Let’s now look at the internal mechanics of how this actually works.

First KDB finds all the candidate matches based on all the column till the last one. Then the aj verb makes use of the binary search function (bin) in KDB. Bin takes two arguments of the same type, the first is a sorted list in ascending order, the second is either a list or an item. For each second argument it returns the index that is equal or less in the first argument. A simple example will illustrate this:

q)0 1 2 3 4 5 6 7 bin 4
4
q)0 1 2 3.5 4 5 6 7 bin 3.0
2
q)0 1 2 3.5 4 5 6 7 bin 0.1 0.2 1.9 3.6
0 0 1 3

So assuming the candidate matches are sorted, picking out the latest as of the query time becomes as simple as performing binary search on each row we are trying to match against the candidate matches, which is exactly how KDB does it.

Another way of thinking about “bin” is that it returns the last element from a set of candidate matches, where match means being before the current element.

With this view in mind, it should be clear that we can’t use As Of Join to solve the Primal Scenario. Since as-of-join essentially gives you the last row that is before the time you are asking, whereas we are looking for the first row.  If we consider shifting the timestamps so that all the candidates within the tolerance are before the matching row’s timestamp we would still get the last match instead of the first one.

Luckily, there is another function called binr that returns the first index that is equal or greater to the query. Which leads us to:

q)0 1 2 3 4 5 6 7 binr 4
4
q)0 1 2 3.5 4 5 6 7 binr 3.0
3
q)0 1 2 3.5 4 5 6 7 binr 0.1 0.2 1.9 3.6
1 1 2 4

Since binr returns the first index that is equal or greater, we can think of it as returning the first match from a set of candidates where matches are determined as being greater or equal to the element being matched. This bin right function, so named because it returns the binary search from the right, is now enough to go and solve the primal scenario.

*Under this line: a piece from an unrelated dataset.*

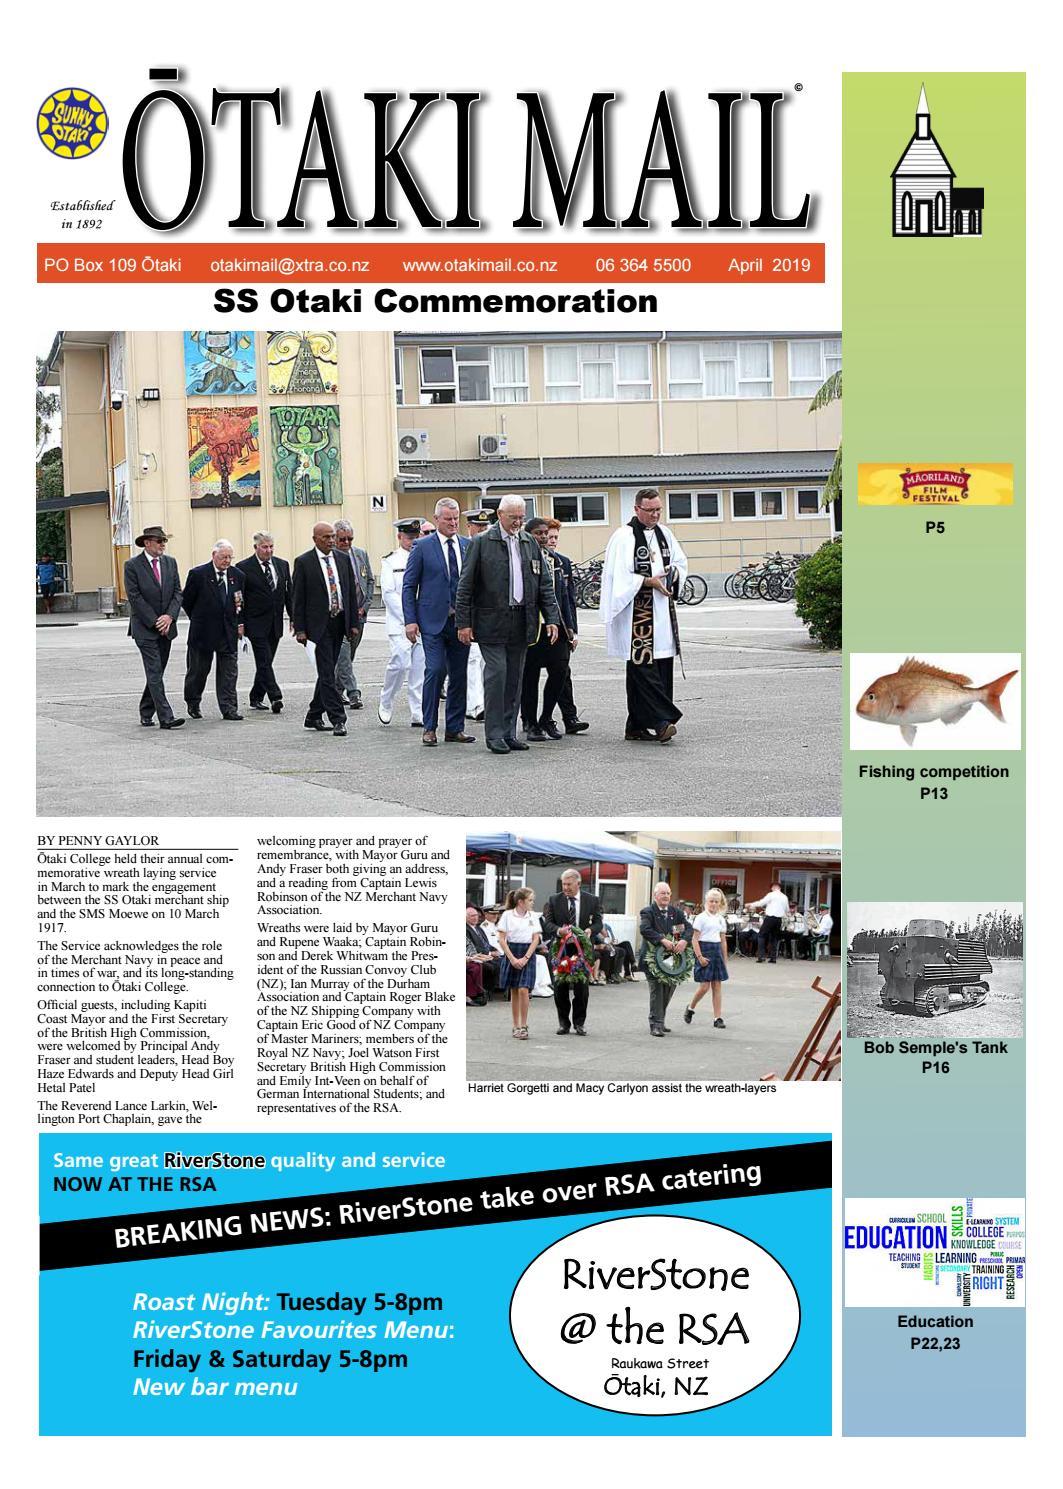 Otaki Mail April 2019 by Otaki Mail - issuu

A New Verb AJR as of join right

Let’s take a quick look how aj is implemented:

k){.Q.ft[{d:x_z;$[&/j:-1<i:(x#z)bin x#y;y,'d i;+.[+.Q.ff[y]d;(!+d;j);:;.+d i j:&j]]}[x,();;0!z]]y}

Sure enough there is the bin verb right in the middle of the verb.

So we can create another verb called ajr and define it like this:

k){.Q.ft[{d:x_z;$[&/j:-1<i:(x#z)binr x#y;y,'d i;+.[+.Q.ff[y]d;(!+d;j);:;.+d i j:&j]]}[x,();;0!z]]y}

A quick note, the easiest way is to simply go into k mode by typing one backslash. But in a script it’s easier to just to write:

k)ajr:{.Q.ft[{d:x_z;$[&/j:-1<i:(x#z)binr x#y;
     y,'d i;+.[+.Q.ff[y]d;(!+d;j);:;.+d i j:&j]]}[x,();;0!z]]y}

or

"k" "ajr:{.Q.ft[{d:x_z;$[&/j:-1<i:(x#z)binr x#y;
     y,'d i;+.[+.Q.ff[y]d;(!+d;j);:;.+d i j:&j]]}[x,();;0!z]]y}"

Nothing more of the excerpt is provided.